Pour les centaines de milliers de futurs candidats à une formation dans l’enseignement supérieur, c’est un changement fondamental par rapport à leurs prédécesseurs de 2017 : ils n’auront pas à classer leurs vœux d’orientation dans la future plate-forme d’Admission post-bac (APB). Mais pour plusieurs observateurs avisés de l’enseignement supérieur et des processus d’affectation, la nouveauté pourrait bien créer une usine à gaz, et une future session d’APB aussi tendue que la précédente.

Des représentants étudiants, spécialistes de l’orientation et surtout chercheurs en économie, l’ont expliqué, jeudi 16 novembre, à l’Assemblée nationale, devant l’Office parlementaire d’évaluation des choix scientifiques et technologiques (OPECST) avant que le projet de loi qui réforme l’accès à l’université, mettant fin au tirage au sort, ne soit présenté en conseil des ministres, mercredi 22 novembre (voir la vidéo de l’audition).
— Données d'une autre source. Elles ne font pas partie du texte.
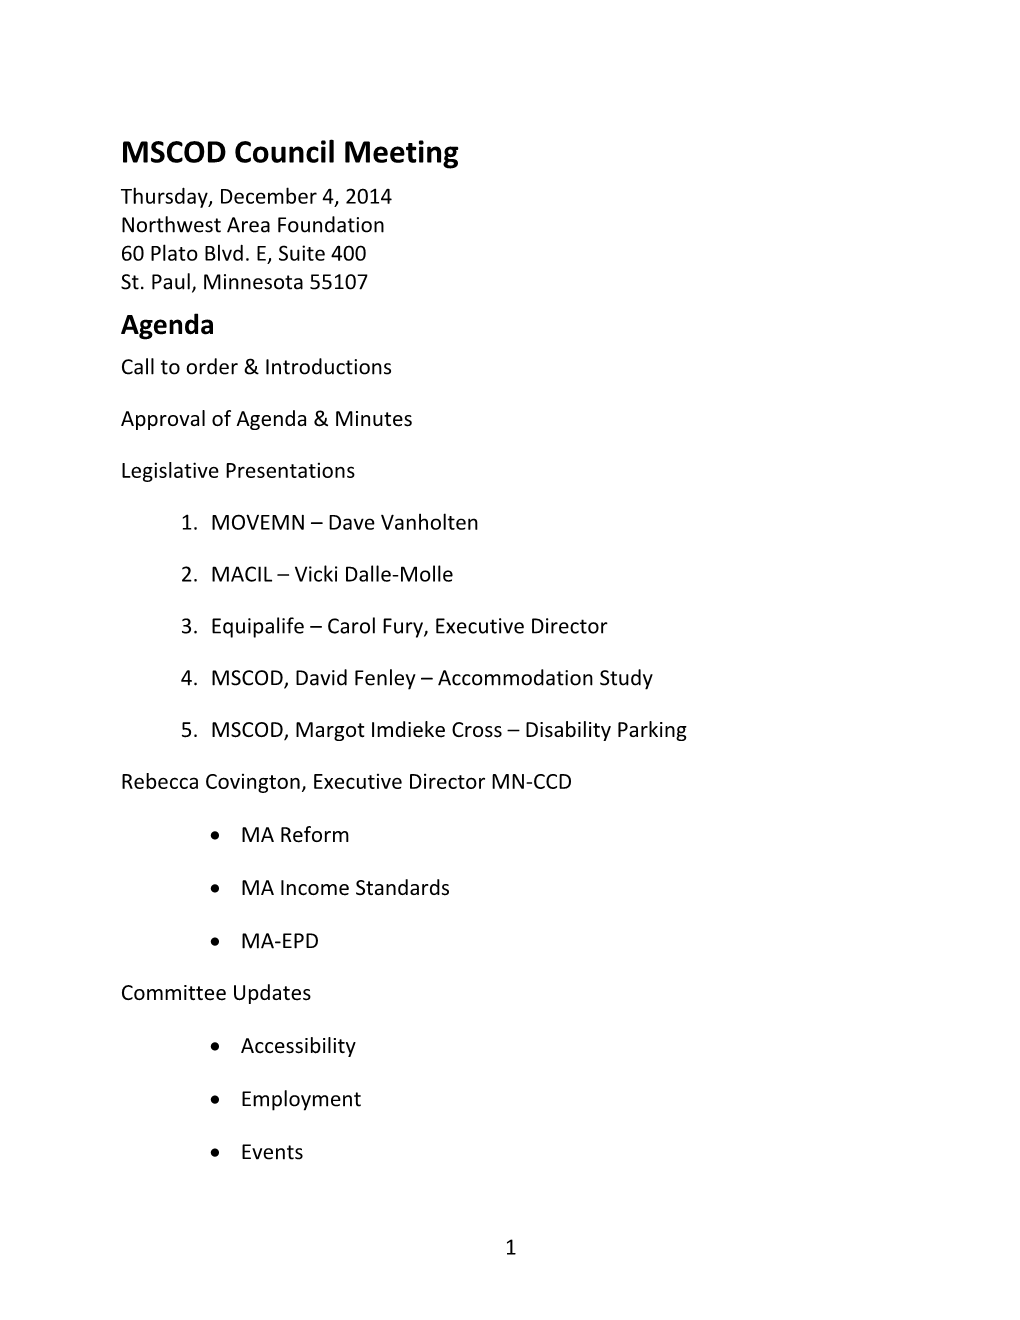 MSCOD Full Council Meeting Minutes, 12/04/2014

Jusqu’à cette année, les candidats à l’enseignement supérieur devaient hiérarchiser leurs vœux (24 maximum) par ordre de préférence, et recevaient à chacune des trois étapes de la procédure une seule réponse, la mieux classée possible, leurs vœux inférieurs étant automatiquement remis au pot commun pour libérer des places. Dorénavant, a annoncé le ministère de l’enseignement supérieur, fin octobre, les candidats ne classeront plus leurs vœux et recevront des réponses progressivement, dès le mois de mai.

Inquiétudes

Or, les universitaires qui travaillent sur les questions d’affectation scolaires « sont inquiets », a expliqué à Cédric Villani, député La République en marche (LREM) et vice-président de l’OPECST, le professeur d’économie Vincent Iehlé. Selon lui, « s’il n’y a pas de vœux ordonnés, il n’y a pas d’algorithme d’affectation », à la différence de la version actuelle d’APB. La procédure reposera sur des vagues de propositions faites aux candidats, que ces derniers pourront accepter ou refuser, « les désistements servant à proposer des places à d’autres candidats, qui pourront les accepter ou les refuser, etc. »

Combien de temps ces vagues de désistements peuvent-elles durer ? C’est ce qui inquiète les chercheurs : une poignée d’entre eux a d’ailleurs tiré la sonnette d’alarme le 7 novembre dans une note d’analyse adressée, entre autres, à des responsables du ministère. « Cette procédure revient à répliquer ce que faisait l’algorithme, sauf qu’elle va le faire partiellement et bien plus lentement », explicite l’économiste. Avec un risque majeur : celui de voir « les listes d’attente s’allonger » ; les bons élèves, mieux « classés » par les formations, pourraient monopoliser chacun jusqu’à dix places, là où auparavant l’algorithme leur proposait uniquement un choix.

Manque de consultation

De quoi créer « beaucoup d’anxiété » chez les personnes en attente, selon Vincent Iehlé, et risquer qu’ils soient encore plus nombreux que l’an passé à ne pas avoir de réponse « en fin de procédure ». Sans parler des incertitudes majeures pour les filières, qui ne sauront que tardivement le nombre et l’identité des étudiants sur lesquels elles peuvent compter à la rentrée. Une représentante du ministère a indiqué que les candidats ayant reçu deux réponses positives devront se désister de l’une d’elles dans un délai de sept jours, sans que cela rassure les présents.

Le constat et la crainte sont partagés par Julien Grenet, chargé de recherche au CNRS et professeur associé à l’Ecole d’économie de Paris. Il a regretté, auprès des parlementaires, que les chercheurs en économie qui travaillent sur les algorithmes d’affectation scolaire et ont développé une expertise sur le sujet n’aient, jusqu’à aujourd’hui, « pas été consultés par le gouvernement » sur un sujet aussi important.

Même chose pour le professeur émérite et concepteur du portail Admission post-bac, Bernard Koehret : après avoir rappelé l’histoire de la plate-forme APB, celui-ci a estimé « ne pas pouvoir plus commenter les évolutions en cours », faute d’avoir été consulté par le ministère « sur ce qu’il en sera », malgré son expertise.

Lire l’entretien avec Julien Grenet  : Pourquoi l’algorithme APB mérite d’être sauvé

Auprès des parlementaires, Anthony Mascle, vice-président du syndicat étudiant FAGE s’est aussi inquiété des risques de « surbooking et d’allongement des listes d’attente » créés par la fin de la hiérarchisation des vœux. De même que Carole Vouille, la vice-présidente de la Conférence nationale universitaire en réseaux des responsables d’orientation et d’orientation (Courroie) qui a aussi rappelé que la « hiérarchisation des vœux permettait aussi aux lycéens de réfléchir plus précisément à leur orientation plusieurs mois en avance ».